### The task
It is required that the lines from the top of the listing through the line with "Winning tickets worth" be reproduced exactly, excluding pictures.

Data START

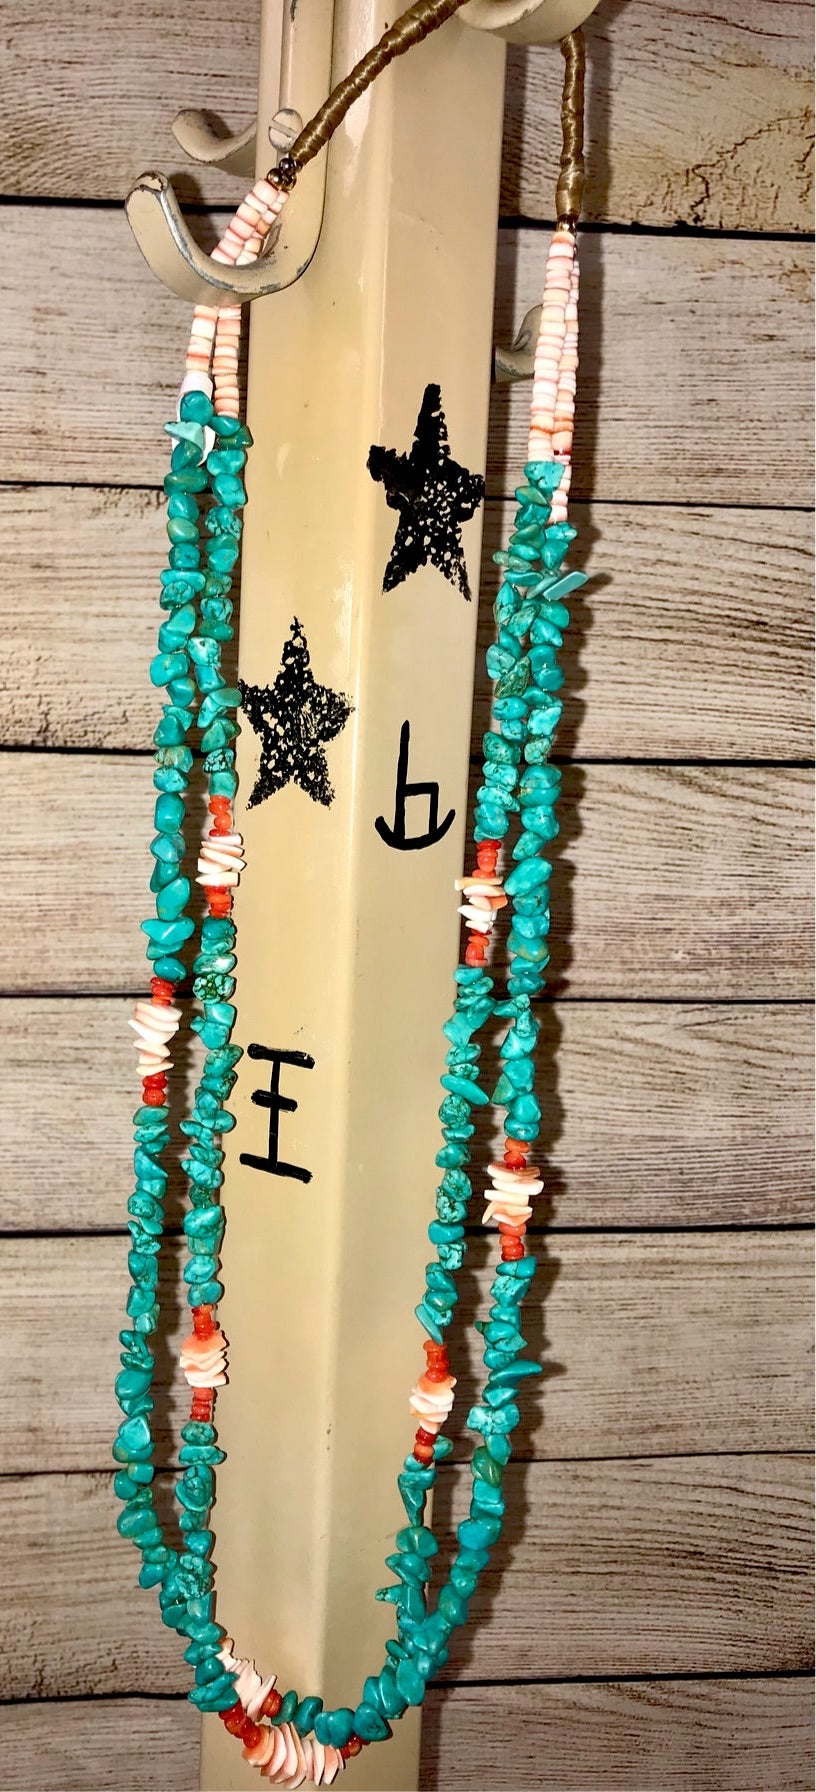 Native American Made 2 Strand Turquoise, Coral, Spiny Oyster Necklace This handmade necklace is a absolute beauty. A stunning Native made two-strand turquoise, coral, and spiny oyster necklace. Layer it or wear it alone or add a pendant to keep your look totally unique. The perfect dainty layering piece! Simple, yet striking!   Size: 29" Inches Length   Stone: Turquoise, Coral. and Spiny Oyster
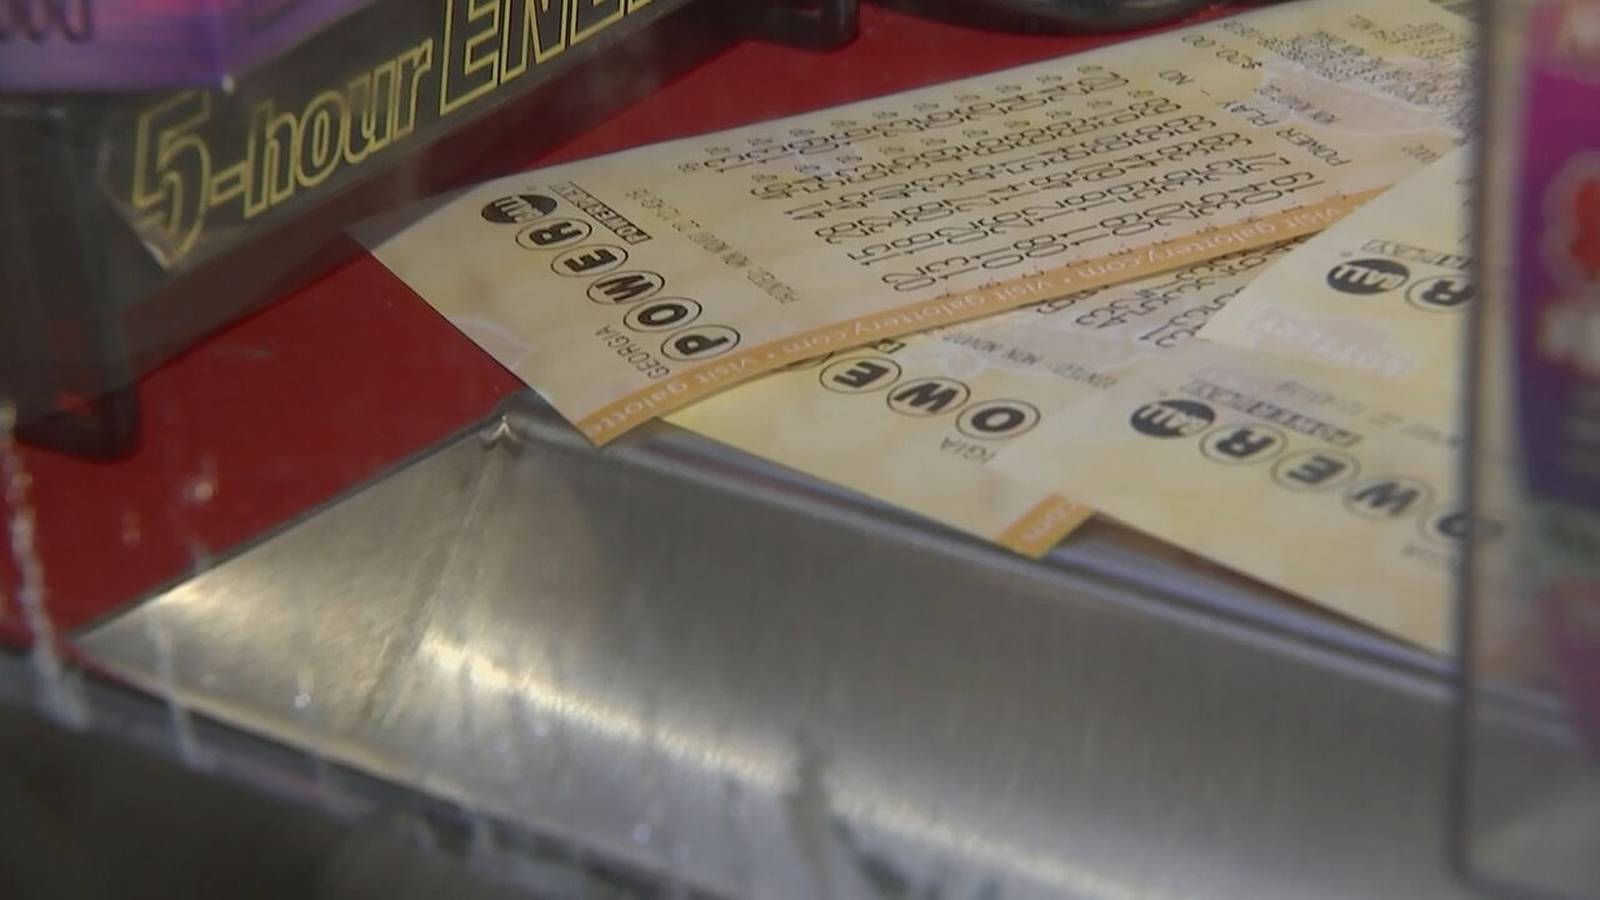 Winning tickets worth 1 million, 100K sold in for Powerball
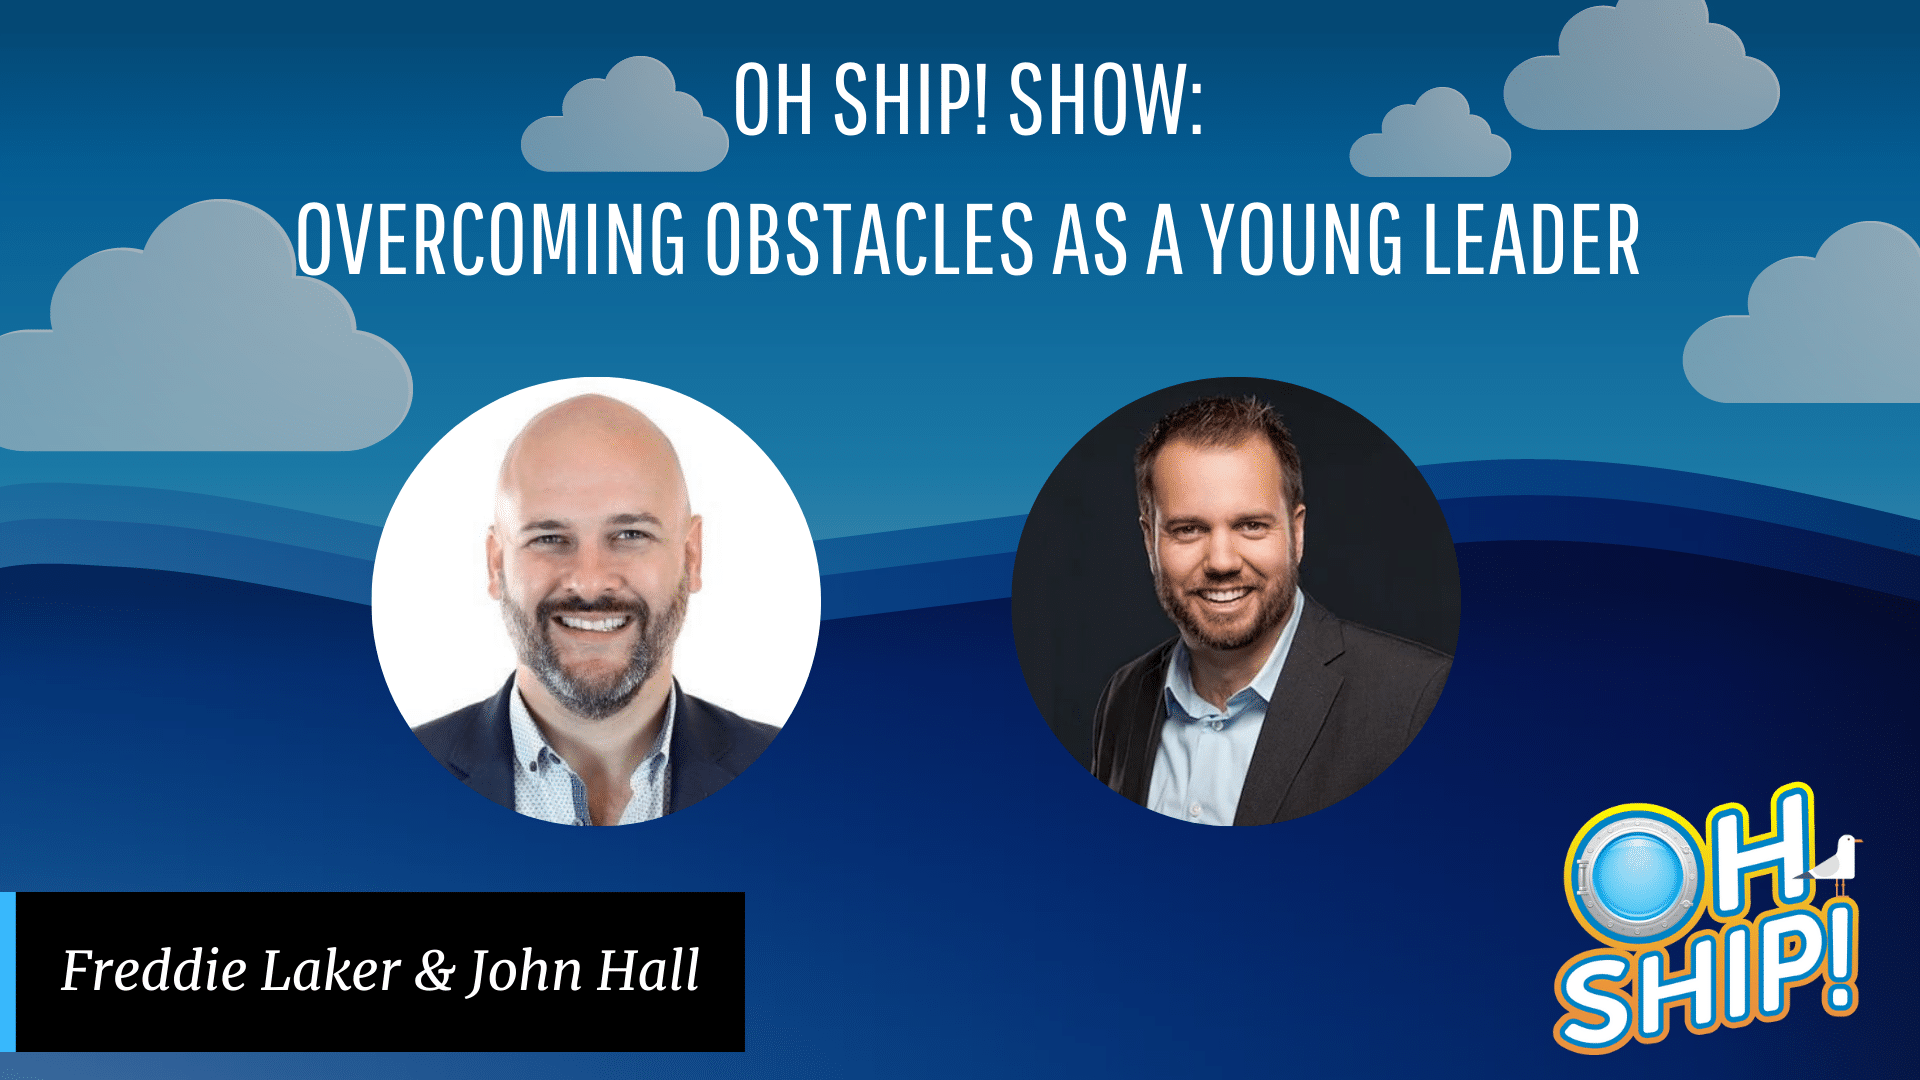 A promotional graphic for the "Oh Ship! Show" featuring a blue background with clouds. The text reads "OH SHIP! SHOW: OVERCOMING OBSTACLES AS A YOUNG LEADER." There are photos of two smiling men, labeled "Freddie Laker" and "John Hall.
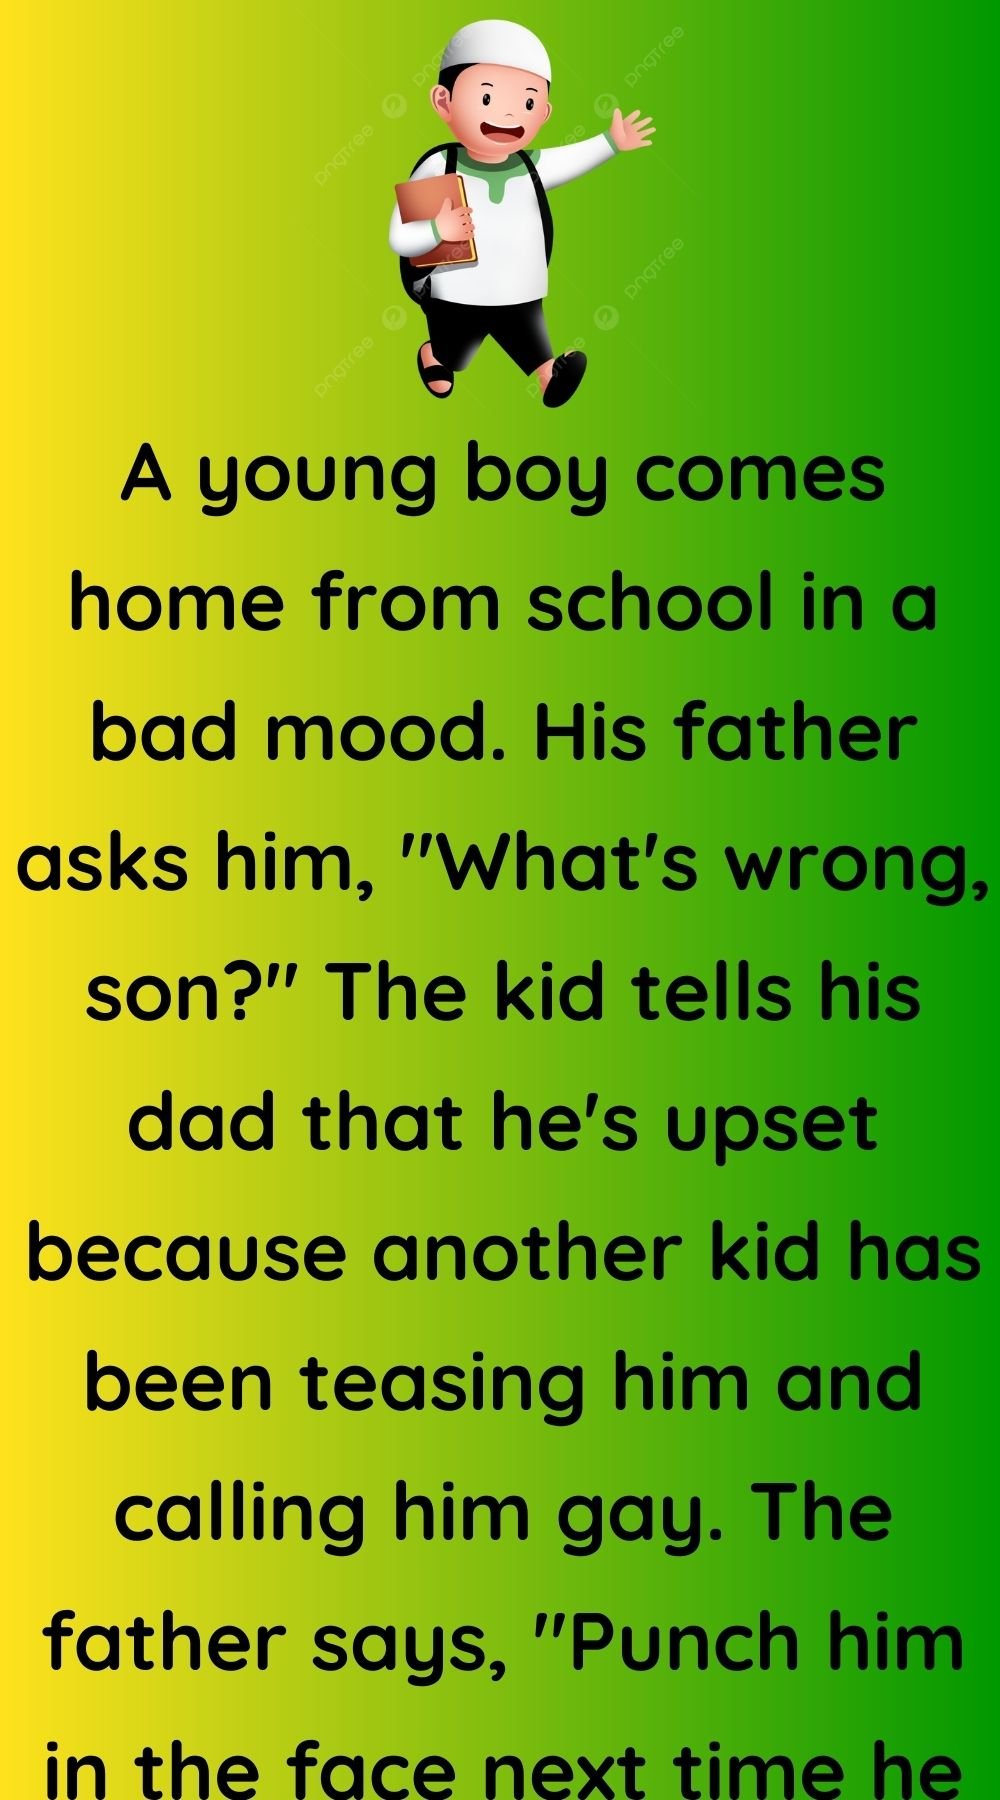 A young boy comes home from school in a bad mood

Data END

### Reply
 Native American Made 2 Strand Turquoise, Coral, Spiny Oyster Necklace This handmade necklace is a absolute beauty. A stunning Native made two-strand turquoise, coral, and spiny oyster necklace. Layer it or wear it alone or add a pendant to keep your look totally unique. The perfect dainty layering piece! Simple, yet striking!   Size: 29" Inches Length   Stone: Turquoise, Coral. and Spiny Oyster
 Winning tickets worth 1 million, 100K sold in for Powerball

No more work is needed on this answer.